17 June 2016

Our demons – 17 June 2016


The gospel lesson for next Sunday is Luke’s telling of Jesus’s encounter with the madman of Gerasa and his demons.  We find this related in all three synoptic gospels, with much variation.  The story clearly worried the early church – and it is a big problem for various reasons.  My first self-protective instinct was to talk about something else this morning.  But this unpleasant narrative does have a weird challenge about it – how can we talk intelligently and meaningfully in the 21st century, as people of faith, about demons and madness…?

I think it is worth noting that Luke has sandwiched this story between the dramatic account of Jesus stilling the storm on the lake, and the incidents where Jesus instantly heals a woman with a chronic haemorrhage, and then raises a dead child to life.  So Jesus is being depicted as having supernatural power, over the storm, over the world of demons, and over sickness and even death.  And we have to ask, all the more urgently… How do we approach all this in our day, sensibly, sensitively, without surrendering to naiveté and superstition, in order to hear what these things may be saying to us about God and faith.

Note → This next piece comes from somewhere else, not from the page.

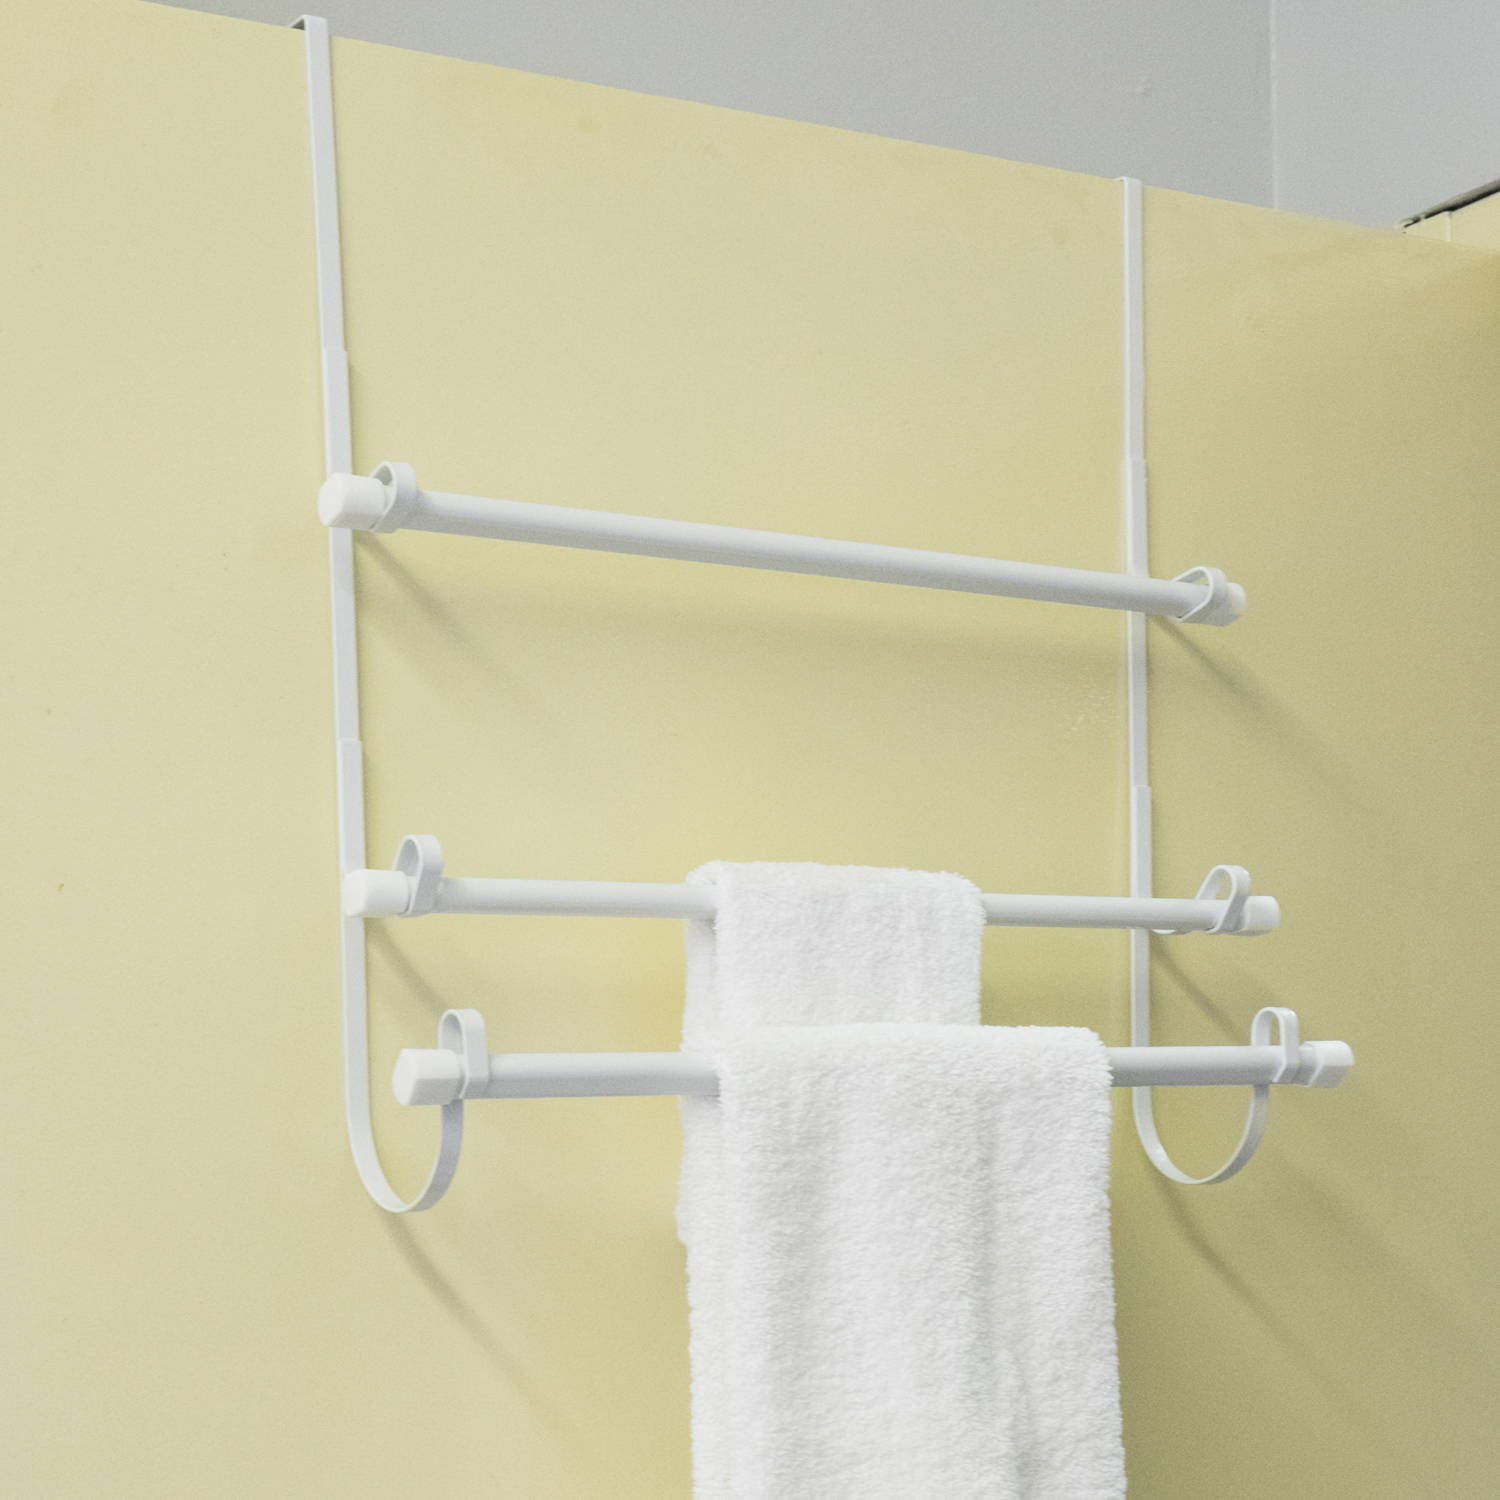 Epoxy Steel Over The Door Bathroom White Towel Hanger Organizer, 3 Bar Rack
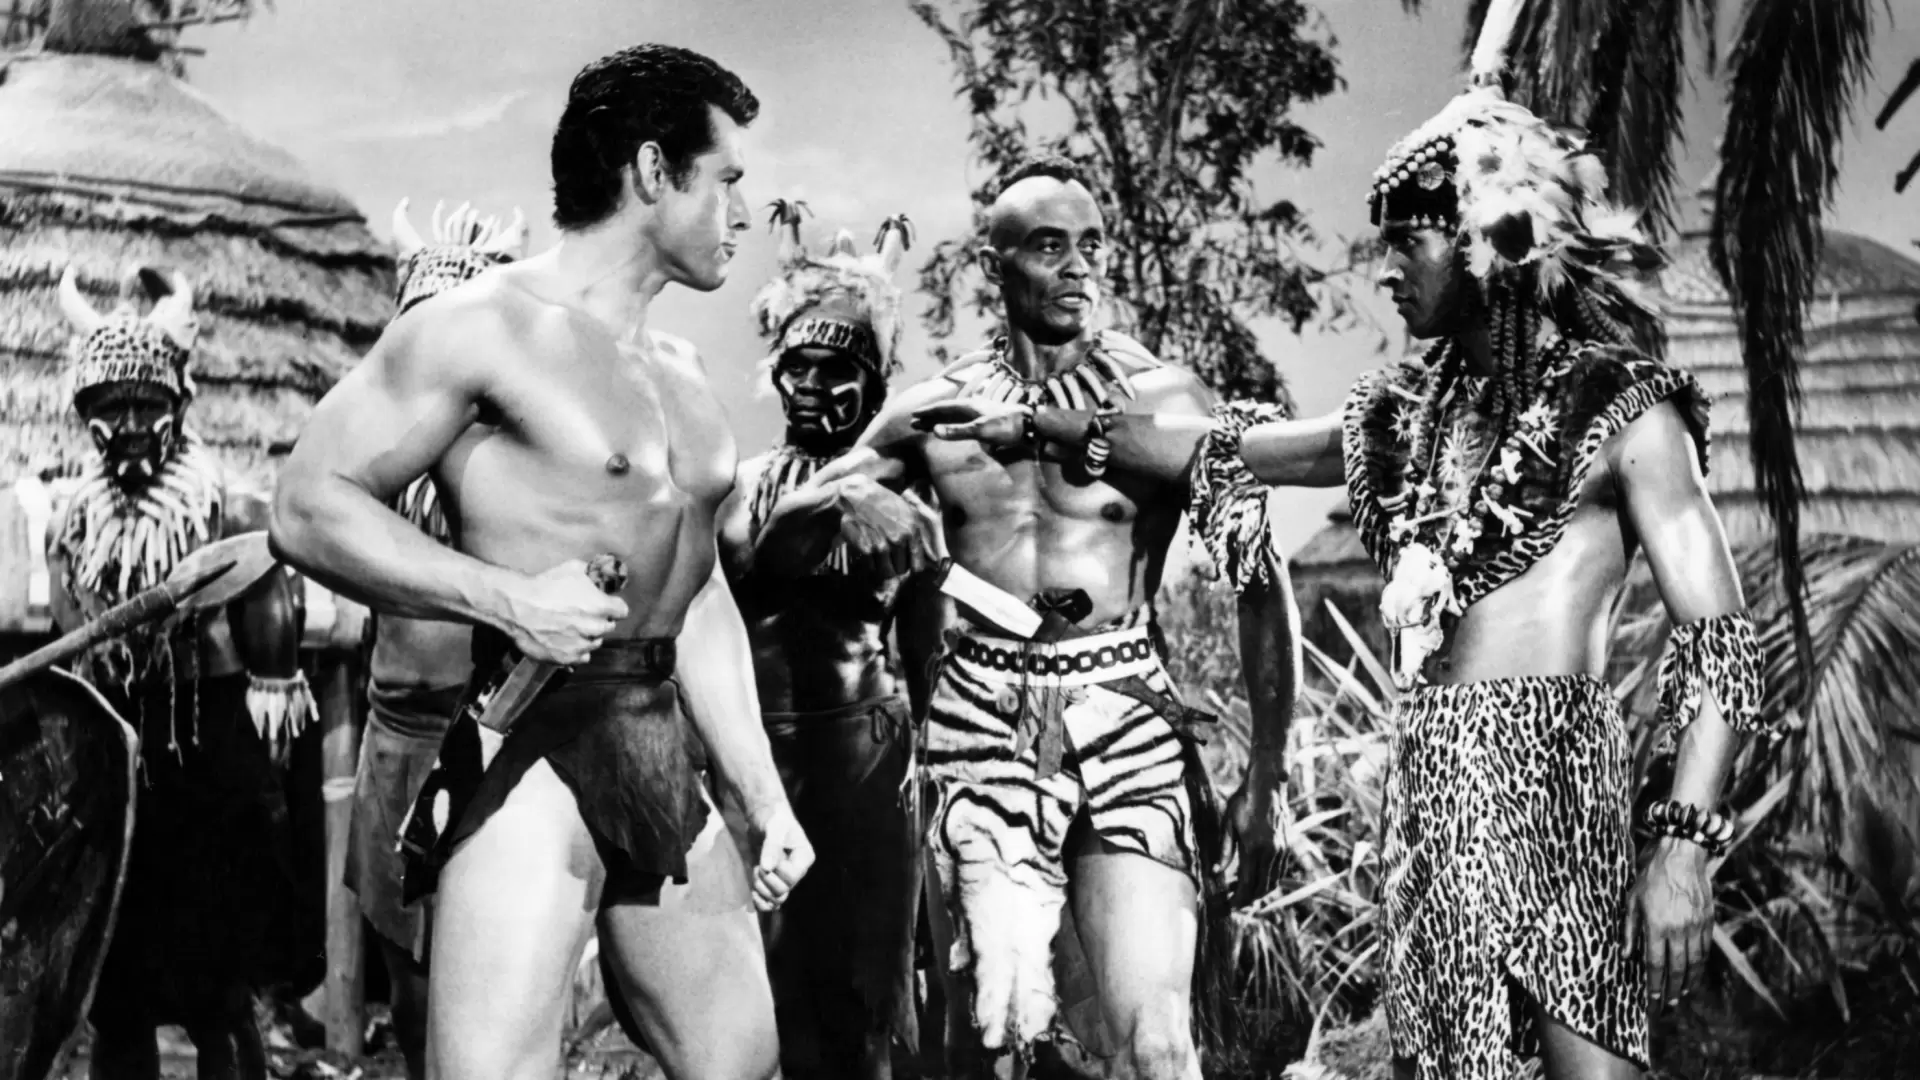 دانلود فیلم Tarzan’s Fight for Life 1958

Of course the story comes to us in 1st century terms.  Madness was demon possession.  Jesus could speak to the demons.  The man lived chained up naked in the graveyard.  He had no name but called himself Legion.  And animal rights people just have to endure the fact that Jesus orders the demons into a lot of pigs, which are forthwith drowned in the lake.  Of course, strict Jews would have thought that was appropriate for pigs, unclean animals – rather in the way the Nazis thought it appropriate to torment Jews because they were only Untermenschen, sub-human, anyway. 

Now… The more I think about this, the more I realise that I am not at all ready to wave any light dismissal to demons.  There is a pitch of evil which is not explained by all our science.  We don’t explain it by demons either.  But when we say, for instance, that someone has personal demons, it is a graphic way of referring to a reality.   I wonder, do we teach serious sustained history in our schools anymore?  My teachers were people steeped in the ancient classics and onwards, and they understood in the human record that, like eruptions on the skin, evil simply breaks through into human activity and society, and even the most intelligent of us can default to it and become captive to it.  We have seen this over and over in history, and we are most certainly seeing it in our day.  The evil which compelled a man to murder 49 people and injure as many more, from motives of pure hatred, in a Florida nightclub.  The evil which is compelling thousands of crazed men with guns, around Syria and Libya and other parts, killing people and laying waste to the land.  The evil which drives football fans to turn into drunken mobs, mindlessly attacking others…  And I have no time even to get started on the evils of injustice and inequality, much more complex, which see people left without the utter basics of food, water, housing or safety, health care or education. 

It seems to me, as a Christian believer, that evil stalks abroad.  It seems to me also that in this story of the Gerasene demoniac we have, an ancient picture, of Jesus confronting the evil, bringing light and health, delivering, and creating anew.  It has been and remains true in the lives of many believers.  The deliverer, this Jesus, is whom we encounter in our silence and submission.